→ Brief:
Repeat the lines below exactly as they appear, but leave out the images.

Records from a dataset:
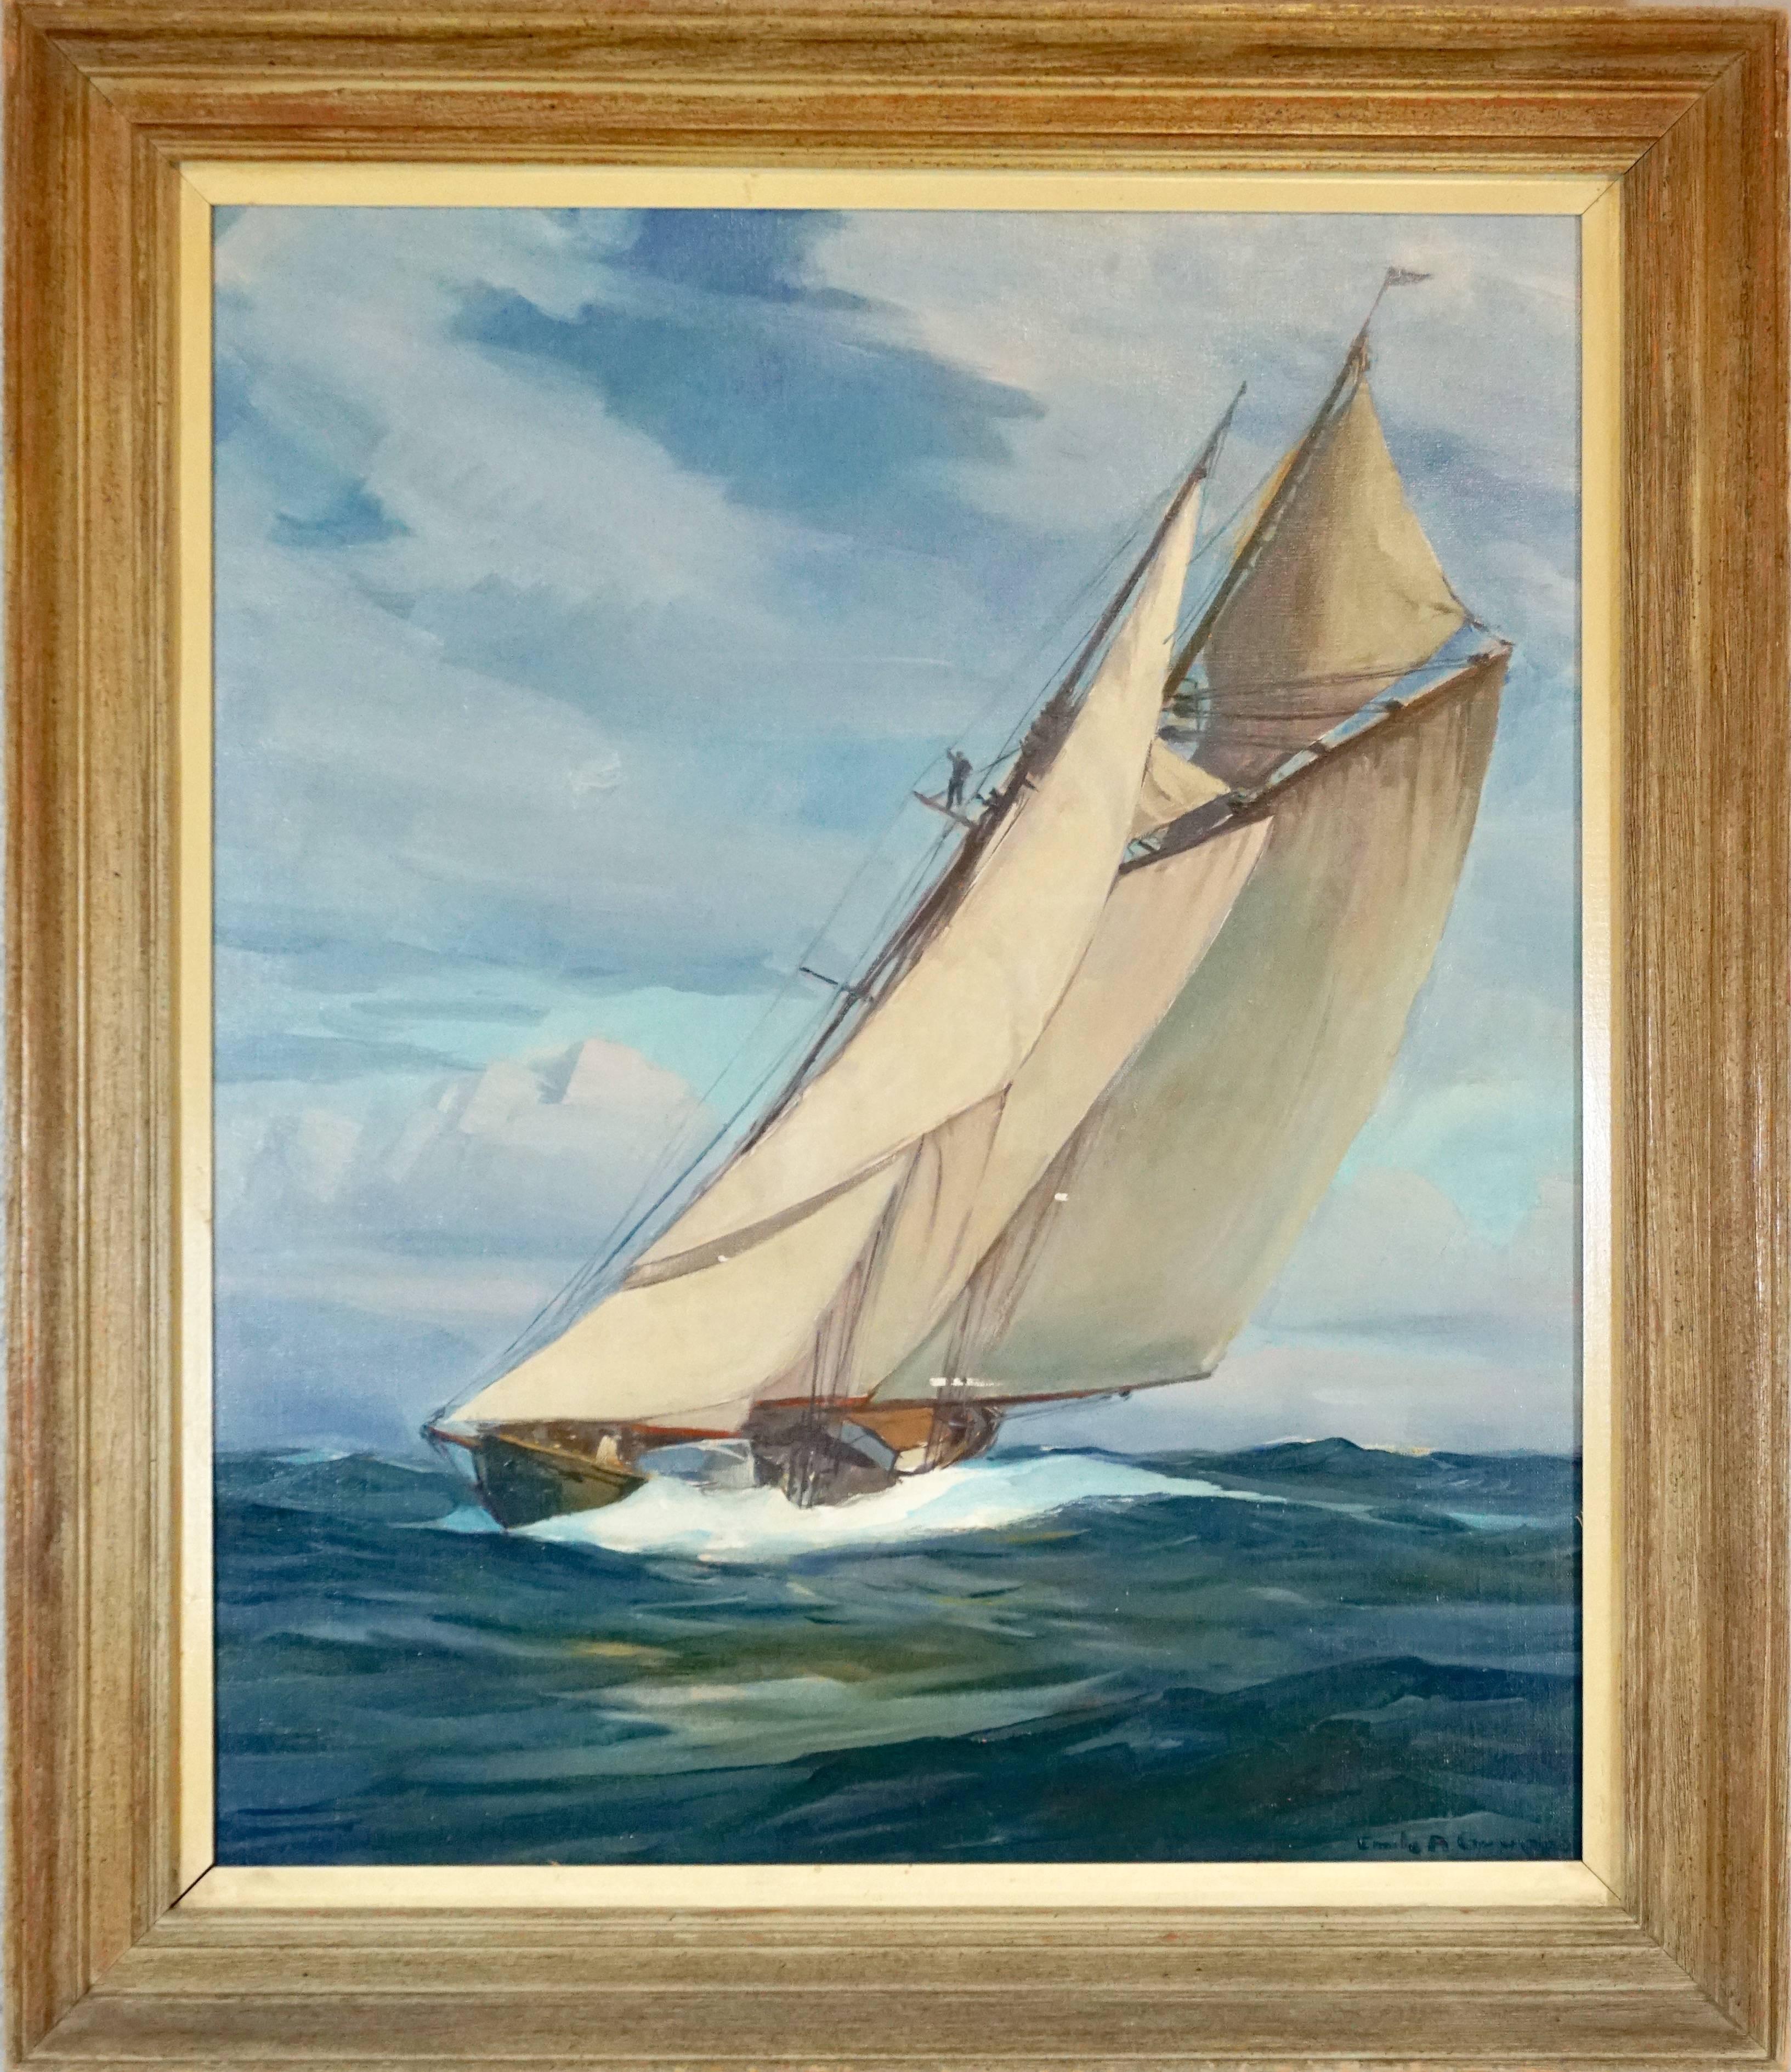 Emile Albert Gruppe "The Henry Ford Schooner" Early painting of Gloucesters most famous fishing and racing schooner.

Oil on canvas

Measures: Canvas 25-30 inches
Frame 31-36 inches

Condition: Excellent. Unlined. No cracking,
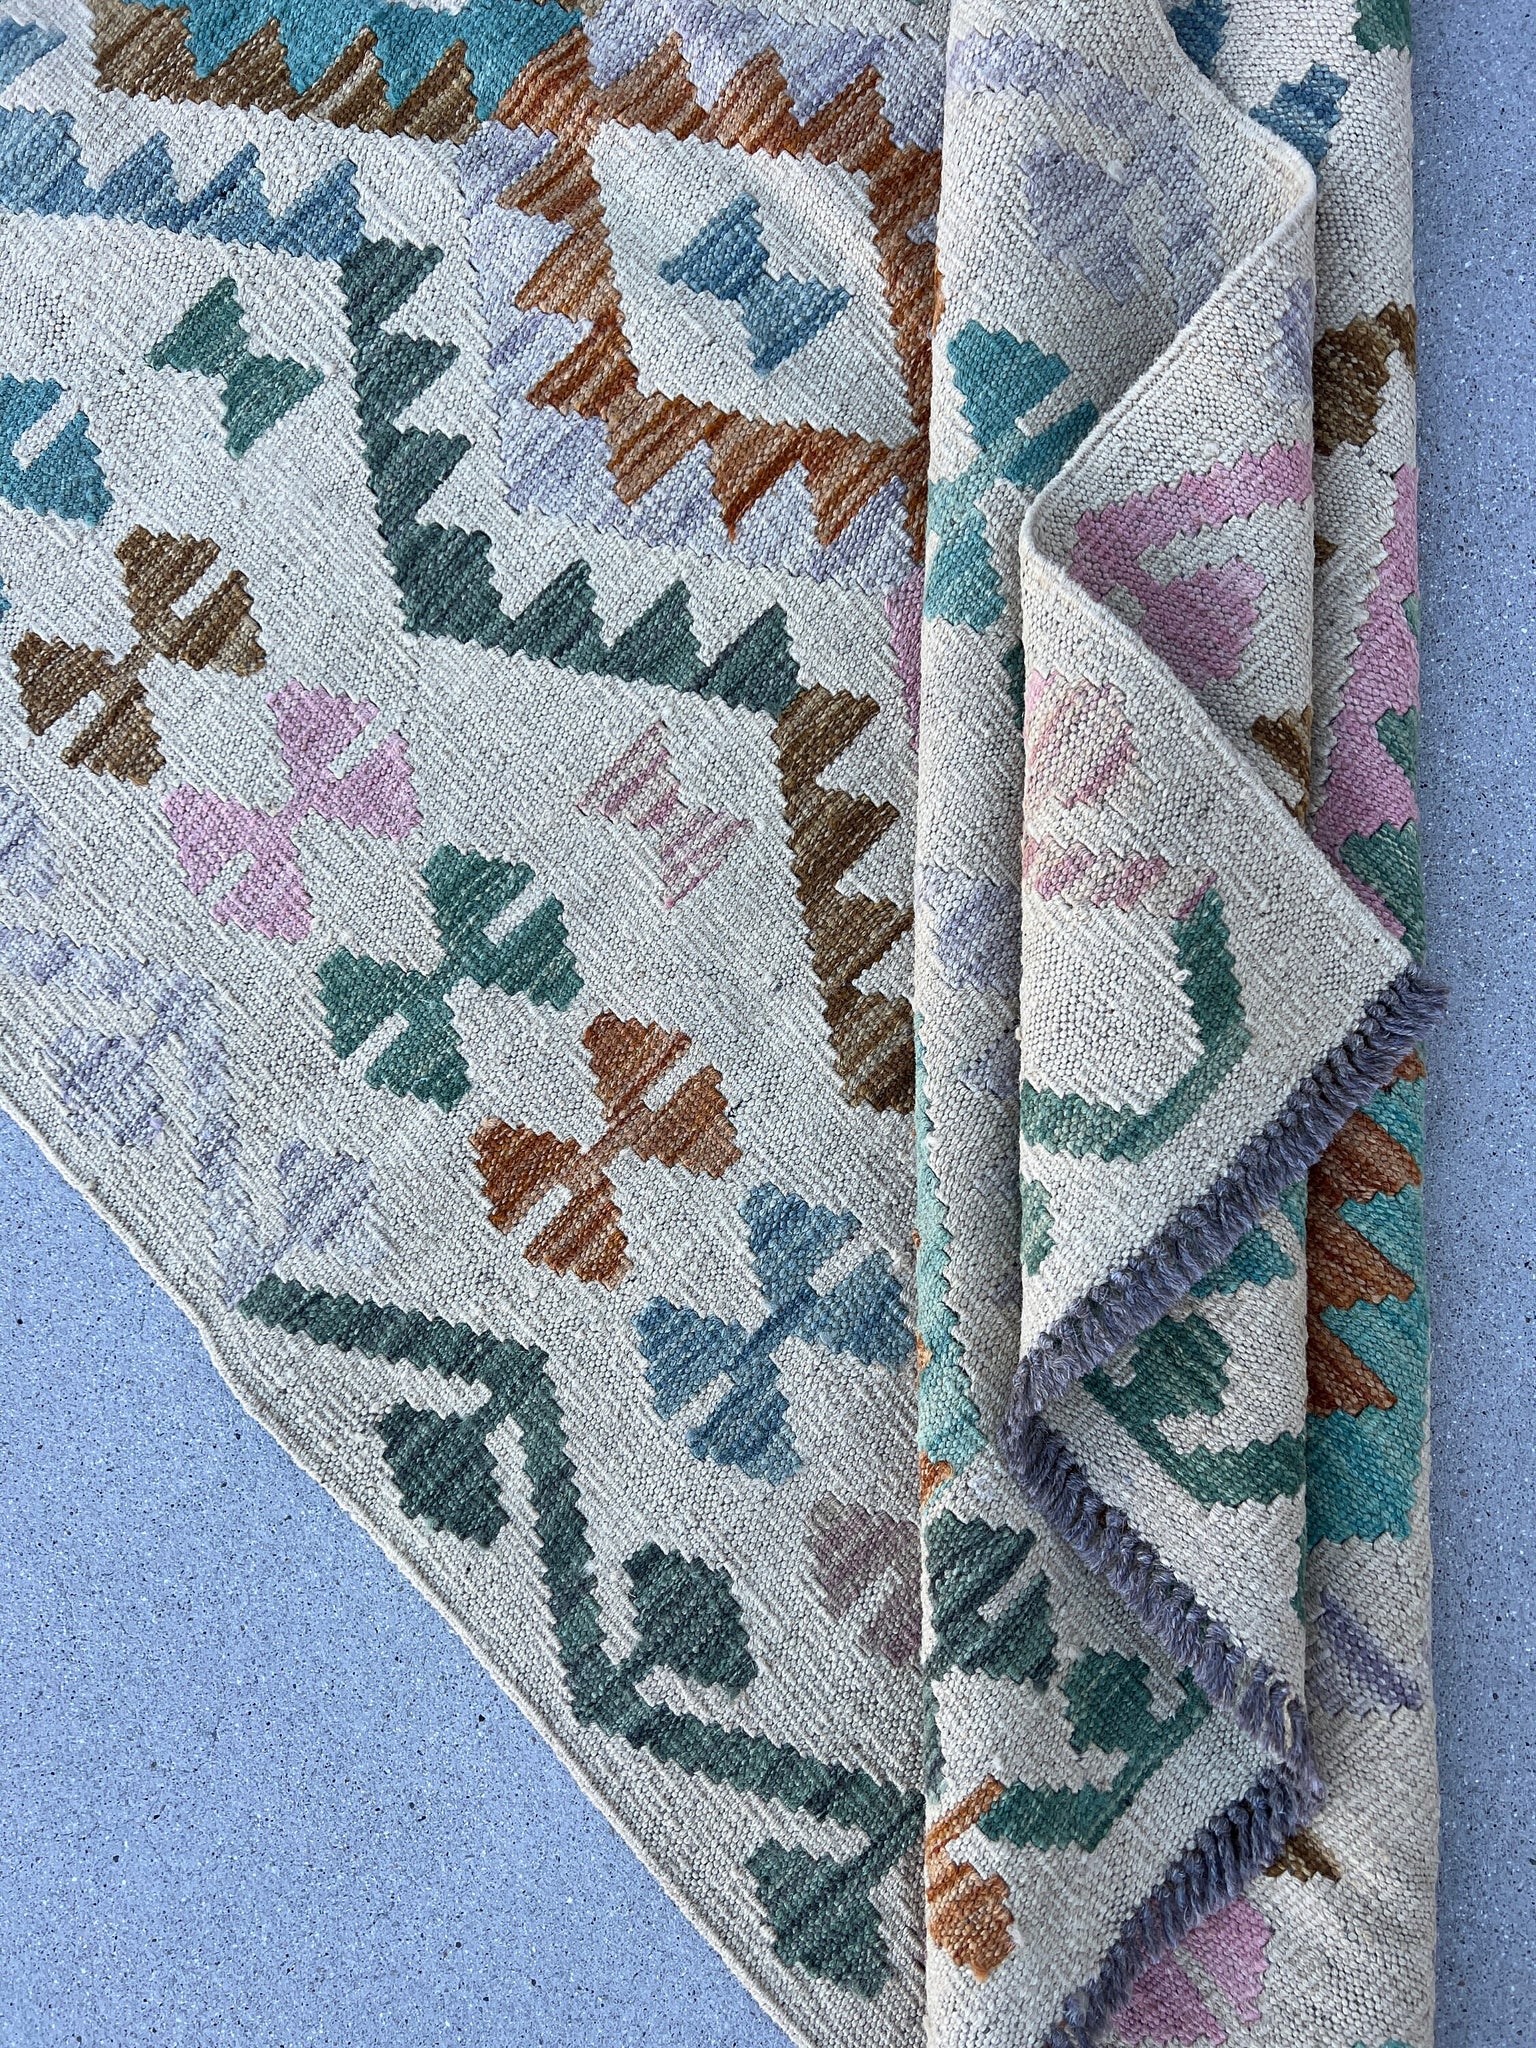 3x5 (100x180) Handmade Afghan Kilim Rug | Cream Beige Taupe Teal Sky Blue Lavender Baby Pink Forest Green | Hand Knotted Geometric Wool

→ Written reply:
 Emile Albert Gruppe "The Henry Ford Schooner" Early painting of Gloucesters most famous fishing and racing schooner.

Oil on canvas

Measures: Canvas 25-30 inches
Frame 31-36 inches

Condition: Excellent. Unlined. No cracking,
 3x5 (100x180) Handmade Afghan Kilim Rug | Cream Beige Taupe Teal Sky Blue Lavender Baby Pink Forest Green | Hand Knotted Geometric Wool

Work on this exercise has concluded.